_DIRECTIONS_:
Repeat every line of the data exactly; no picture belongs in the copy.

---------- PROVIDED MATERIAL

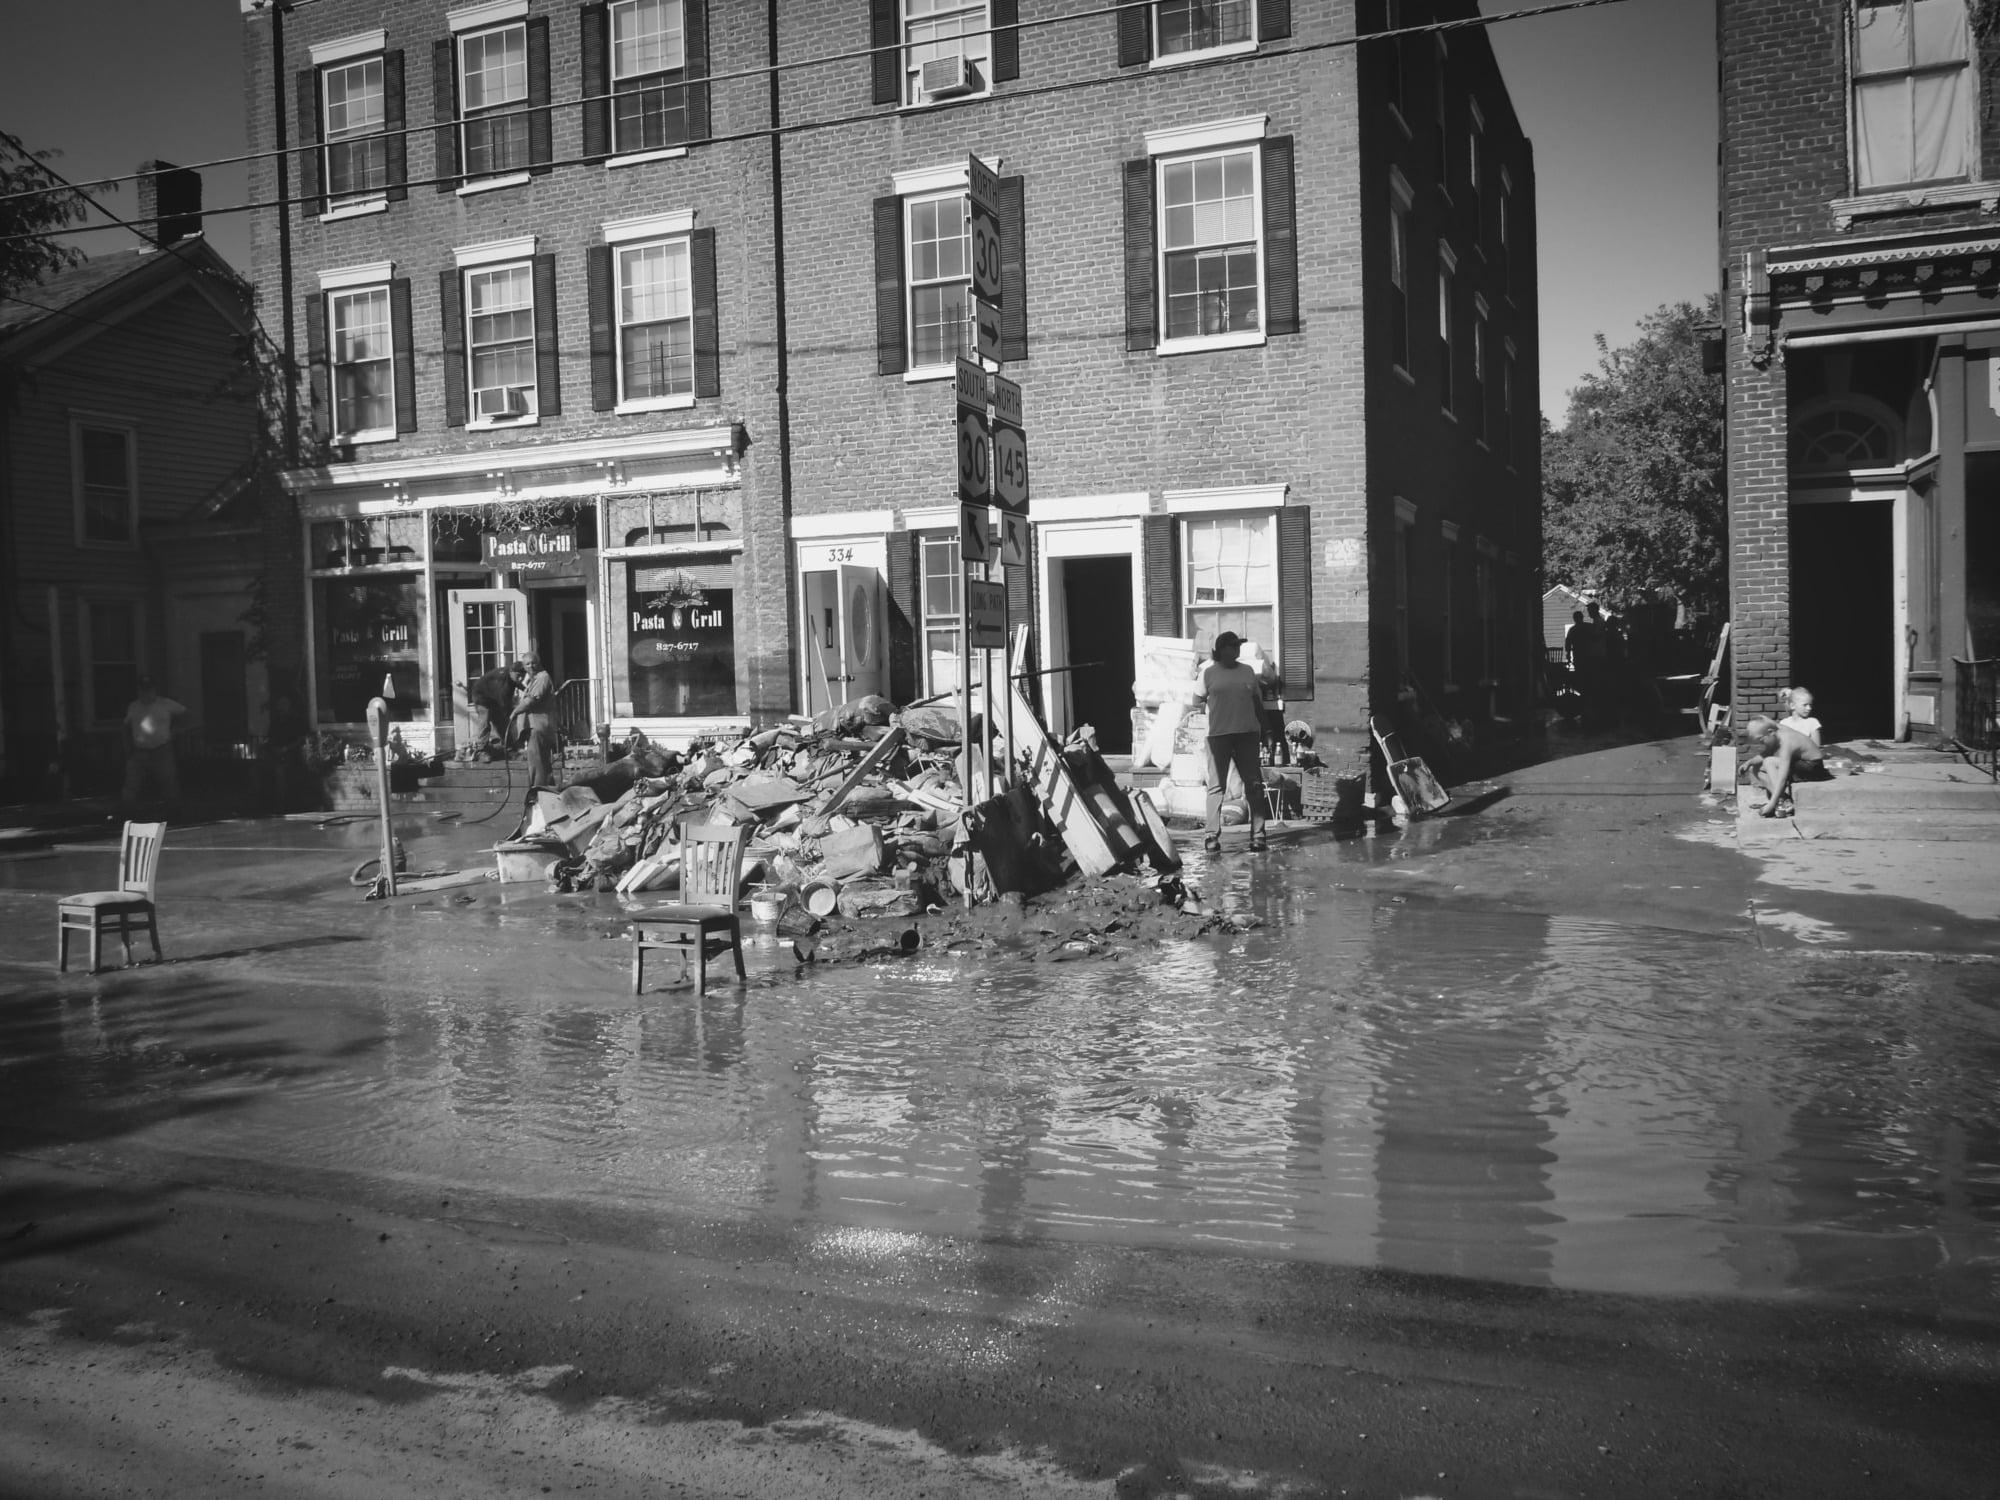 Flood On Main Street
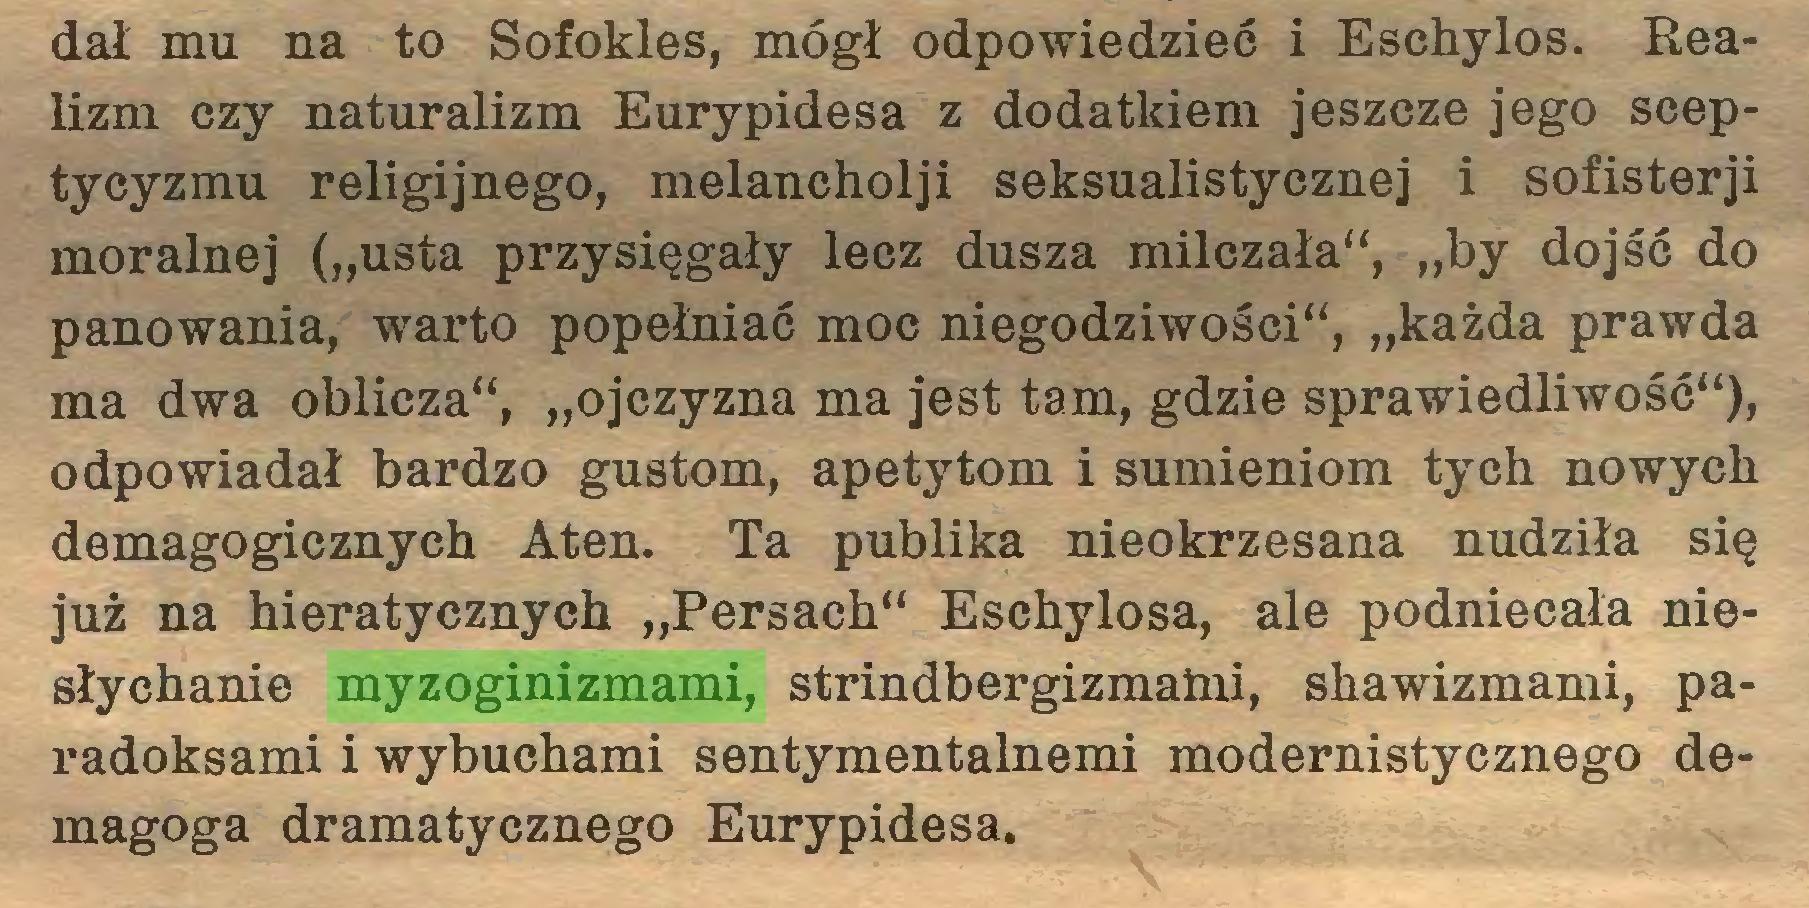 """(...) dał mu na to Sofokles, mógł odpowiedzieć i Eschylos. Realizm czy naturalizm Eurypidesa z dodatkiem jeszcze jego sceptycyzmu religijnego, melancholji seksualistycznej i sofisterji moralnej (""""usta przysięgały lecz dusza milczała"""", """"by dojść do panowania, warto popełniać moc niegodziwości"""", """"każda prawda ma dwa oblicza"""", """"ojczyzna ma jest tam, gdzie sprawiedliwość""""), odpowiadał bardzo gustom, apetytom i sumieniom tych nowych demagogicznych Aten. Ta publika nieokrzesana nudziła się już na hieratycznych """"Persach"""" Eschylosa, ale podniecała niesłychanie myzoginizmami, strindbergizmaini, shawizmami, paradoksami i wybuchami sentymentalnemi modernistycznego demagoga dramatycznego Eurypidesa..."""
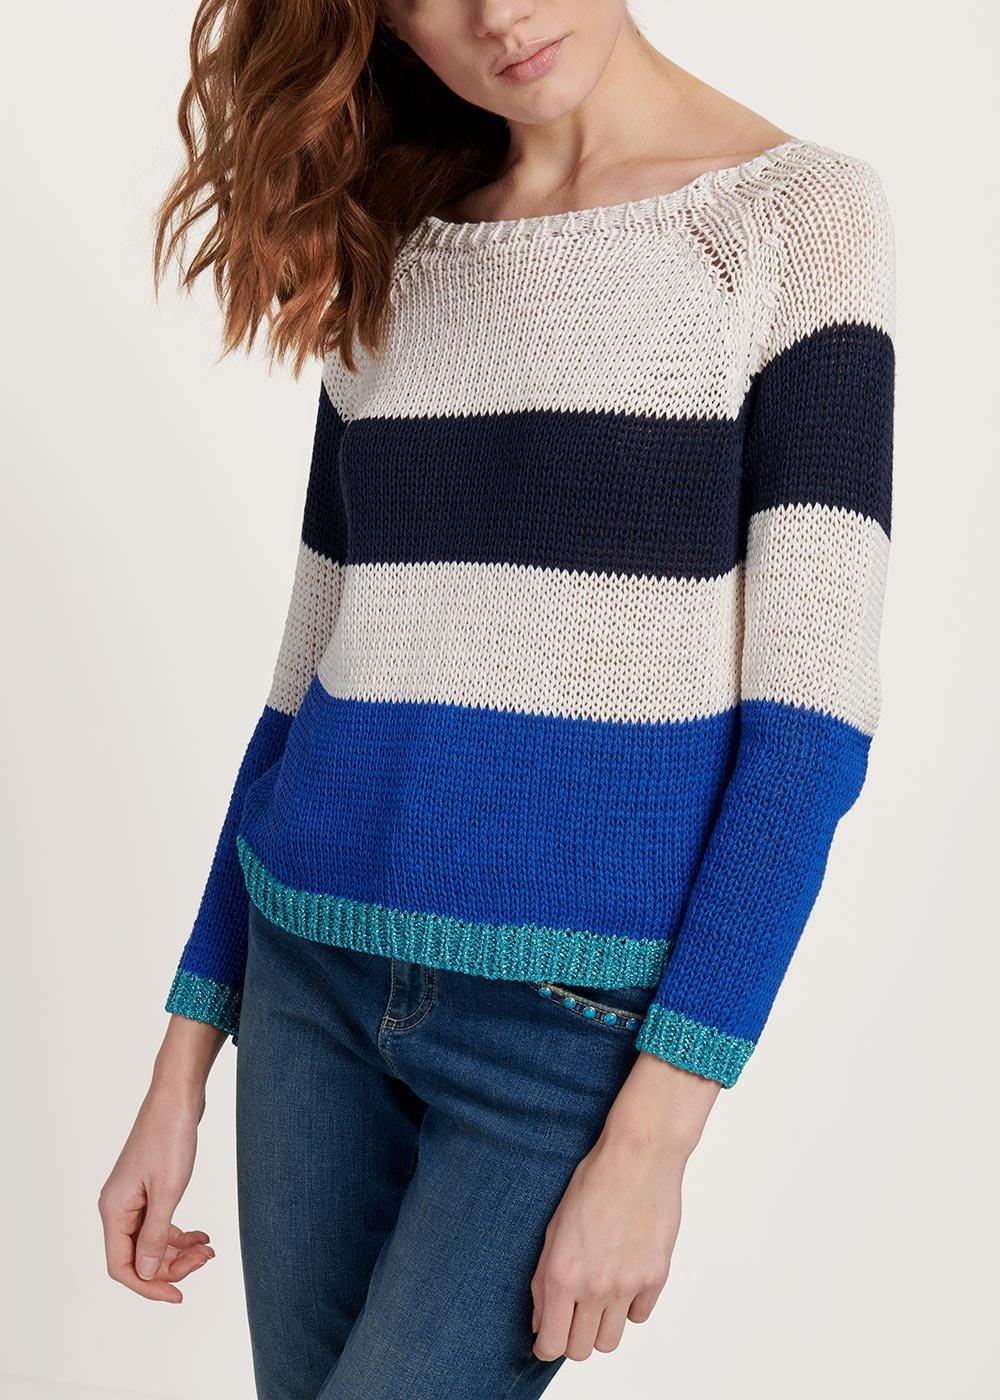 Maglia Margaret tricolor cotone e viscosa - White /  Marina  Stripes - Donna

--------------------

_TASK RESPONSE_:
 Flood On Main Street
 """(...) dał mu na to Sofokles, mógł odpowiedzieć i Eschylos. Realizm czy naturalizm Eurypidesa z dodatkiem jeszcze jego sceptycyzmu religijnego, melancholji seksualistycznej i sofisterji moralnej (""""usta przysięgały lecz dusza milczała"""", """"by dojść do panowania, warto popełniać moc niegodziwości"""", """"każda prawda ma dwa oblicza"""", """"ojczyzna ma jest tam, gdzie sprawiedliwość""""), odpowiadał bardzo gustom, apetytom i sumieniom tych nowych demagogicznych Aten. Ta publika nieokrzesana nudziła się już na hieratycznych """"Persach"""" Eschylosa, ale podniecała niesłychanie myzoginizmami, strindbergizmaini, shawizmami, paradoksami i wybuchami sentymentalnemi modernistycznego demagoga dramatycznego Eurypidesa..."""
 Maglia Margaret tricolor cotone e viscosa - White /  Marina  Stripes - Donna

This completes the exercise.